▶ Task brief
Whenever an image turns up, omit it and return the remaining data exactly.

--- Exercise data ---

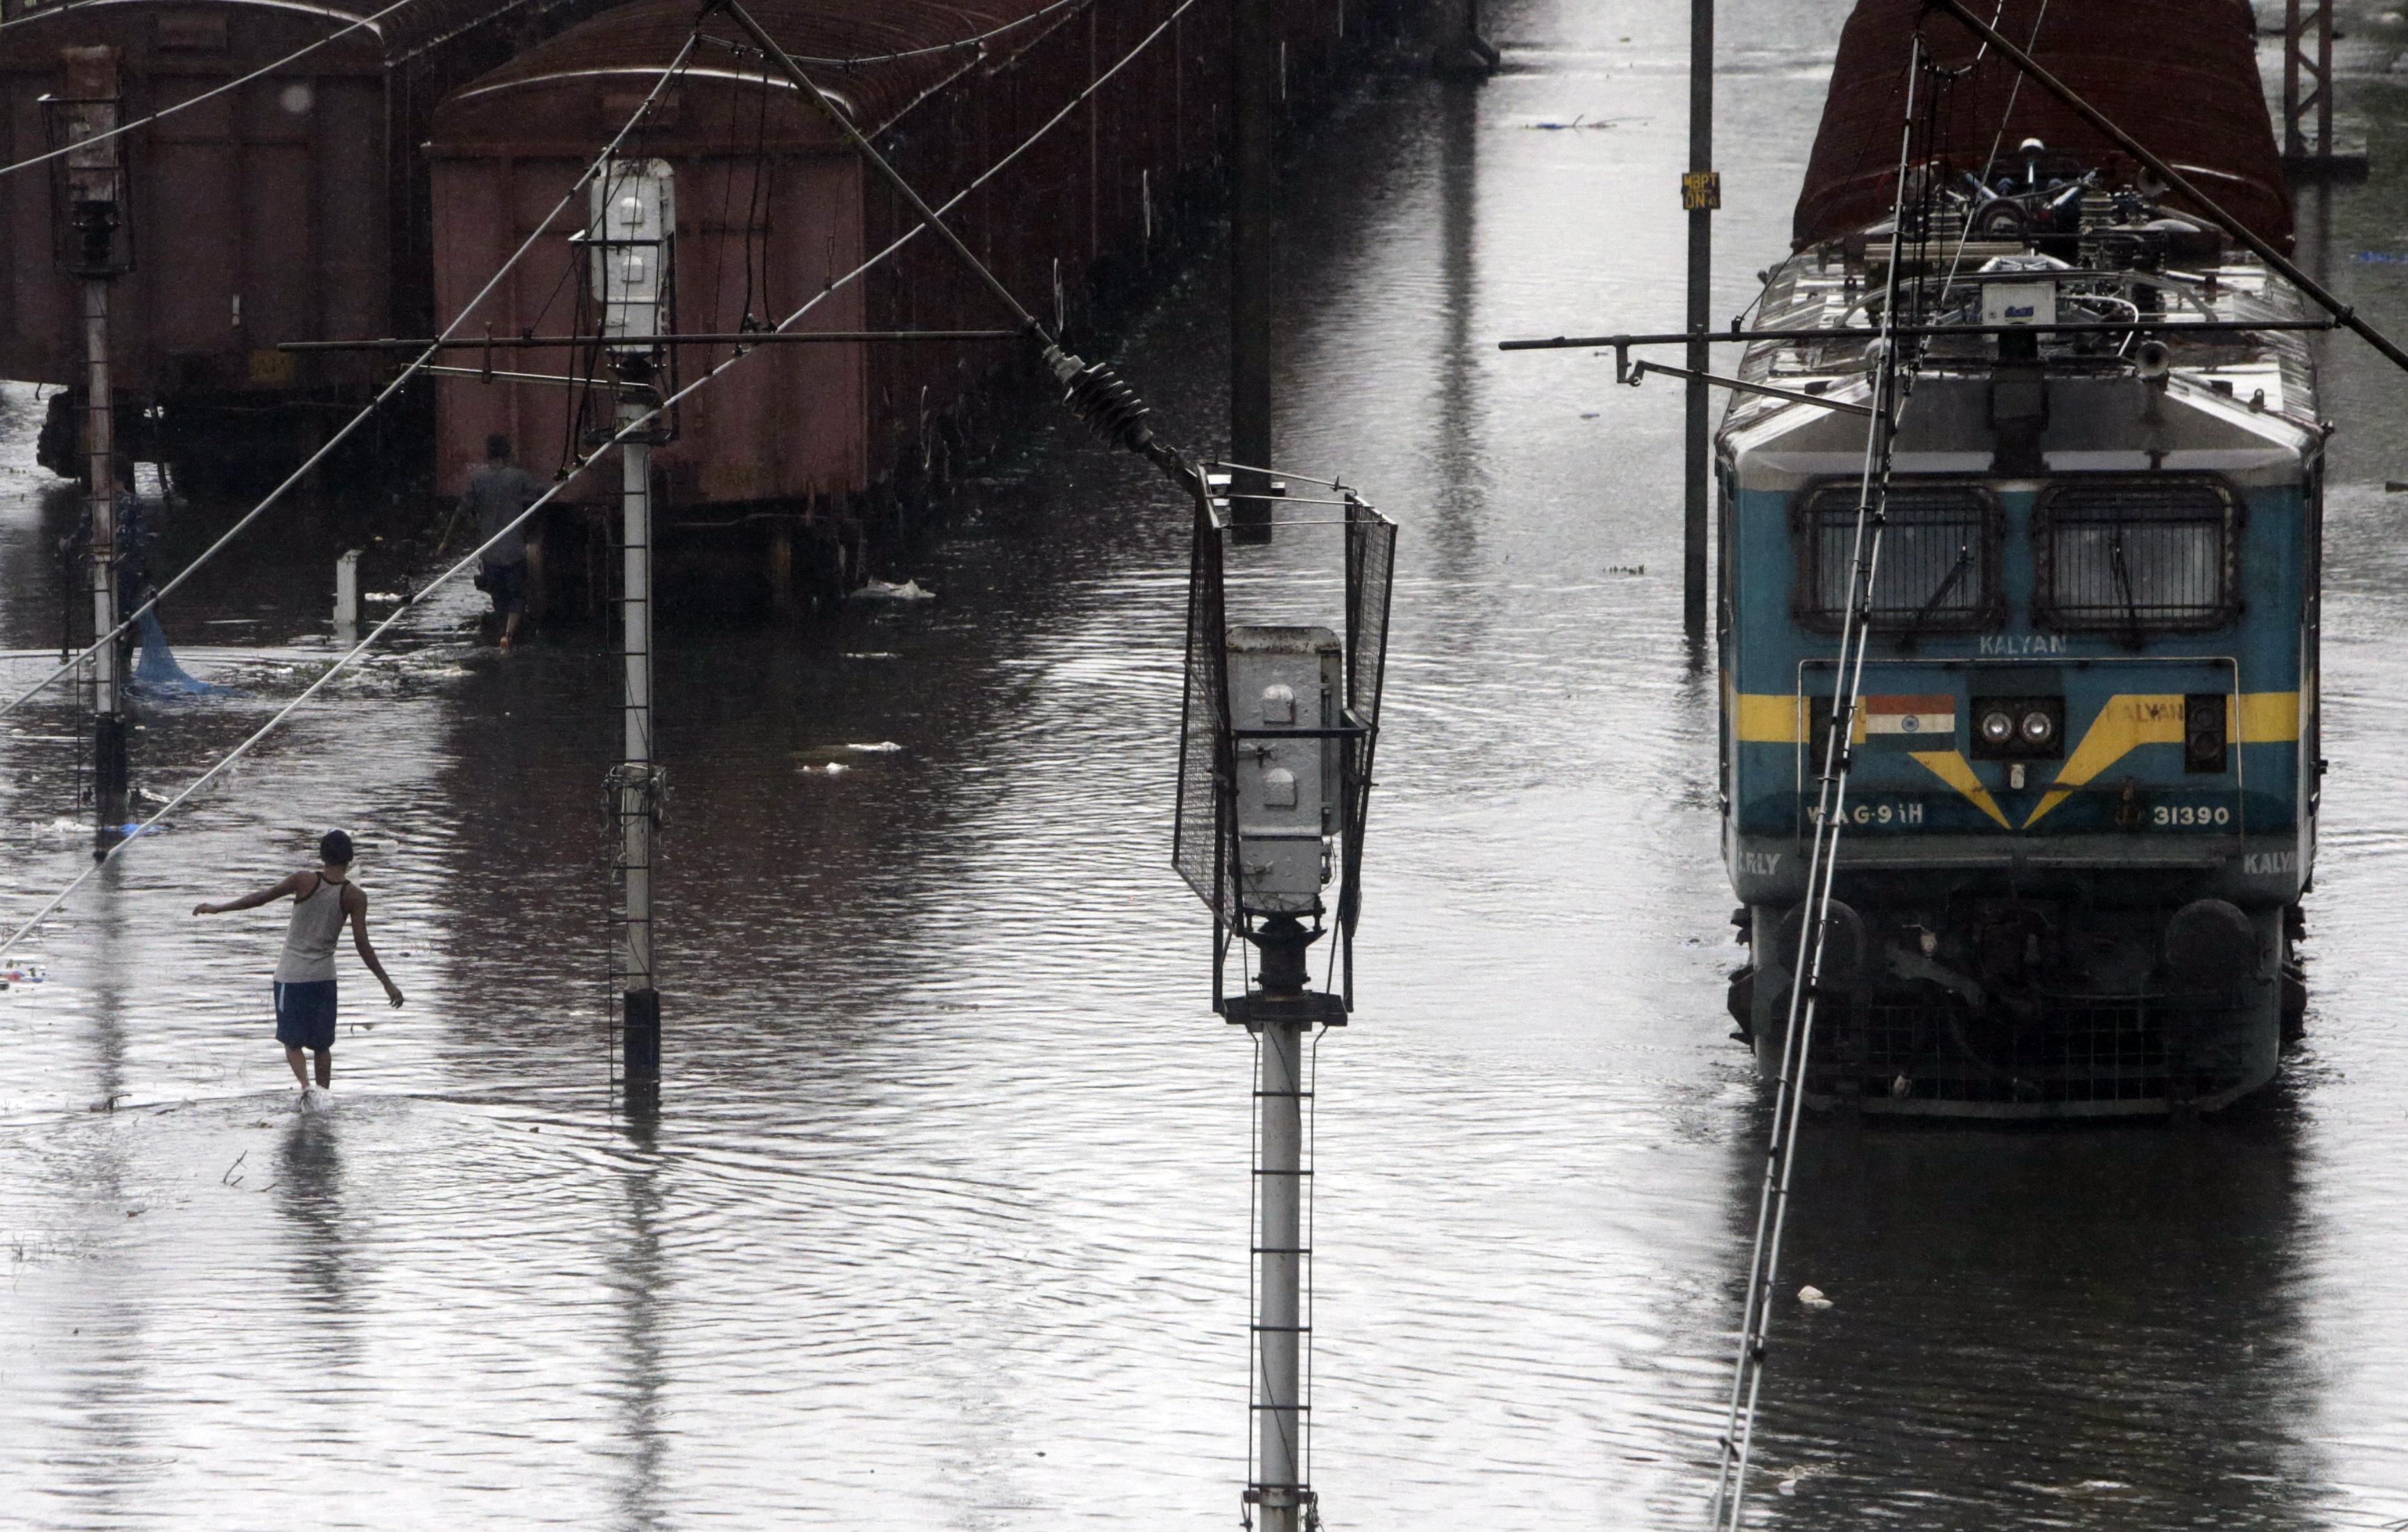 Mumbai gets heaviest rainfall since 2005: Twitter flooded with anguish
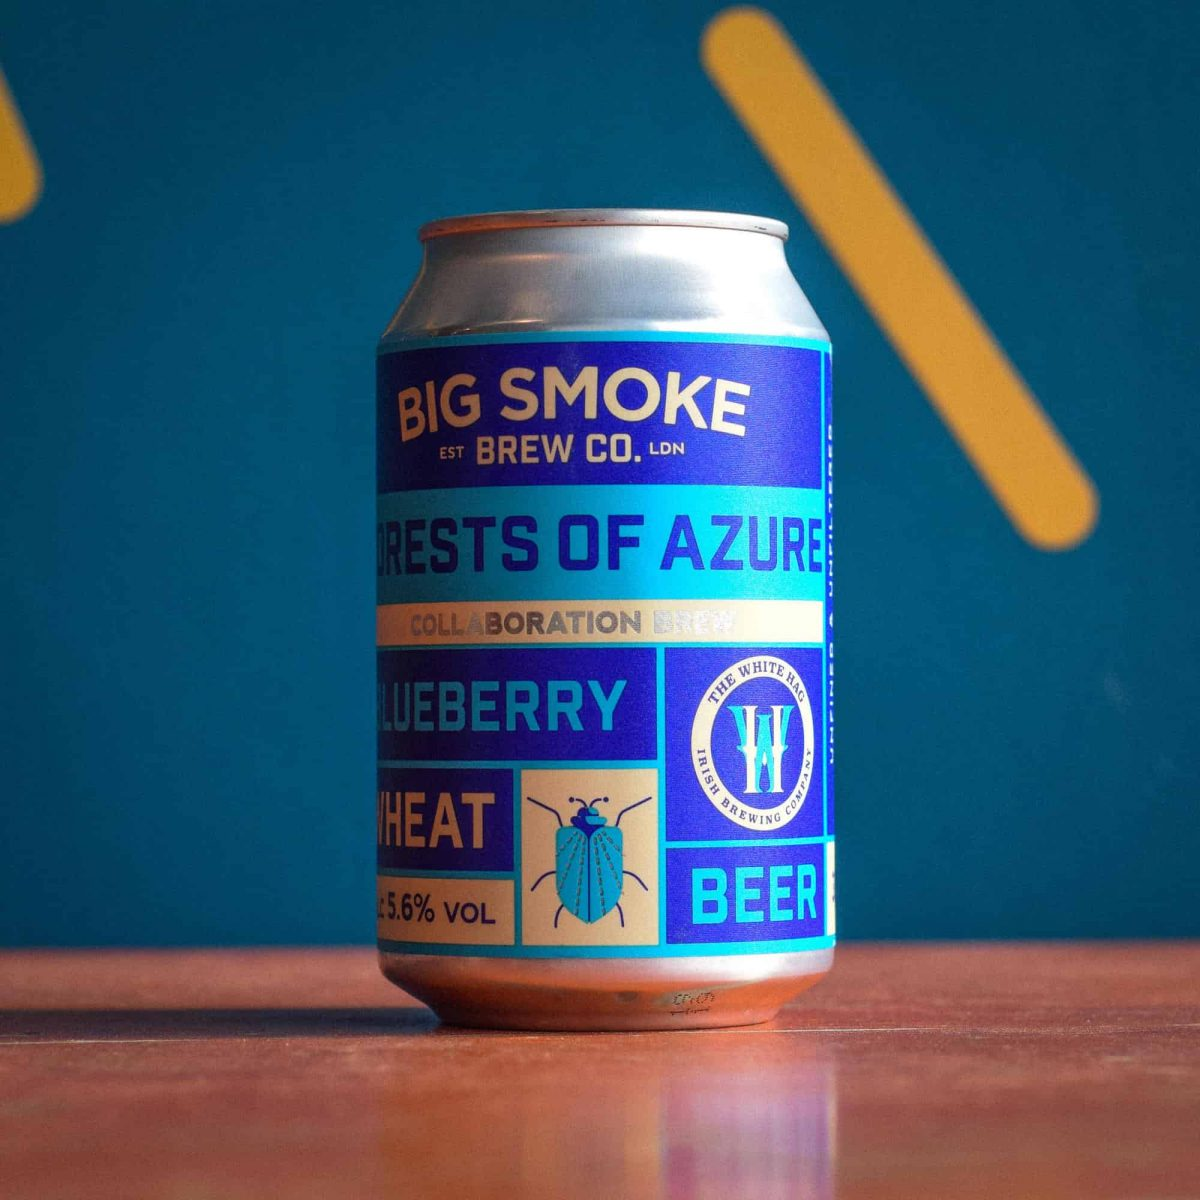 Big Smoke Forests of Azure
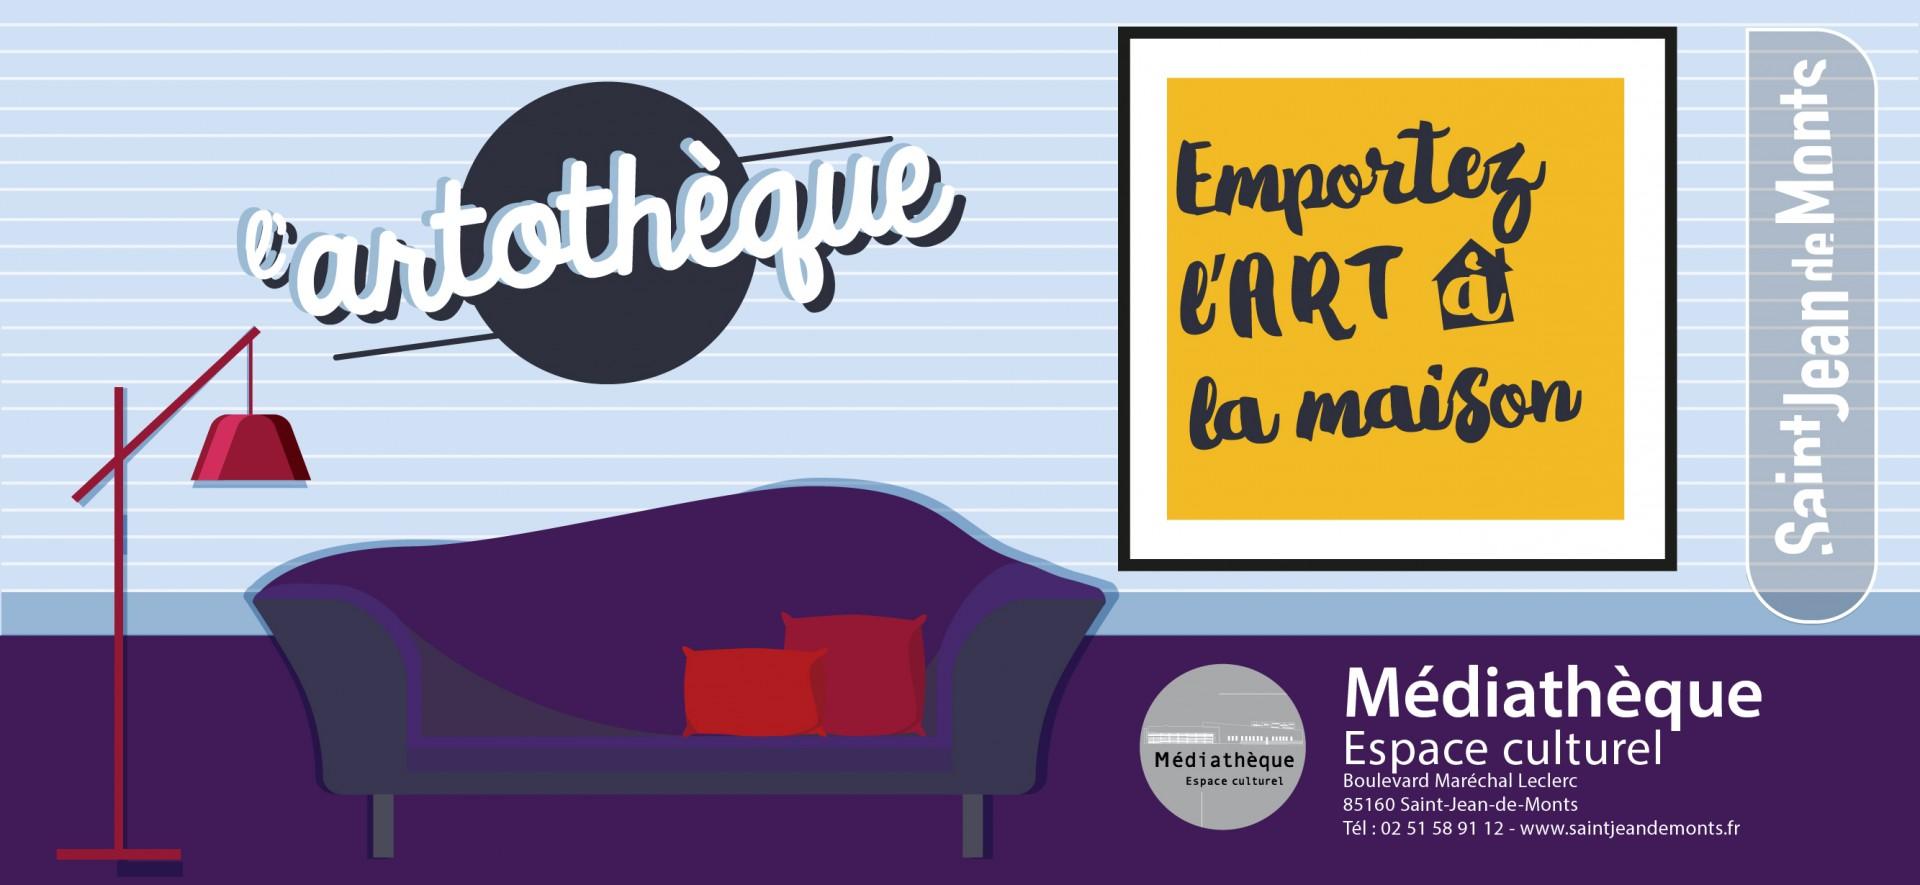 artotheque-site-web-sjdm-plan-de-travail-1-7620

---

▶ Output of the exercise
 Mumbai gets heaviest rainfall since 2005: Twitter flooded with anguish
 Big Smoke Forests of Azure
 artotheque-site-web-sjdm-plan-de-travail-1-7620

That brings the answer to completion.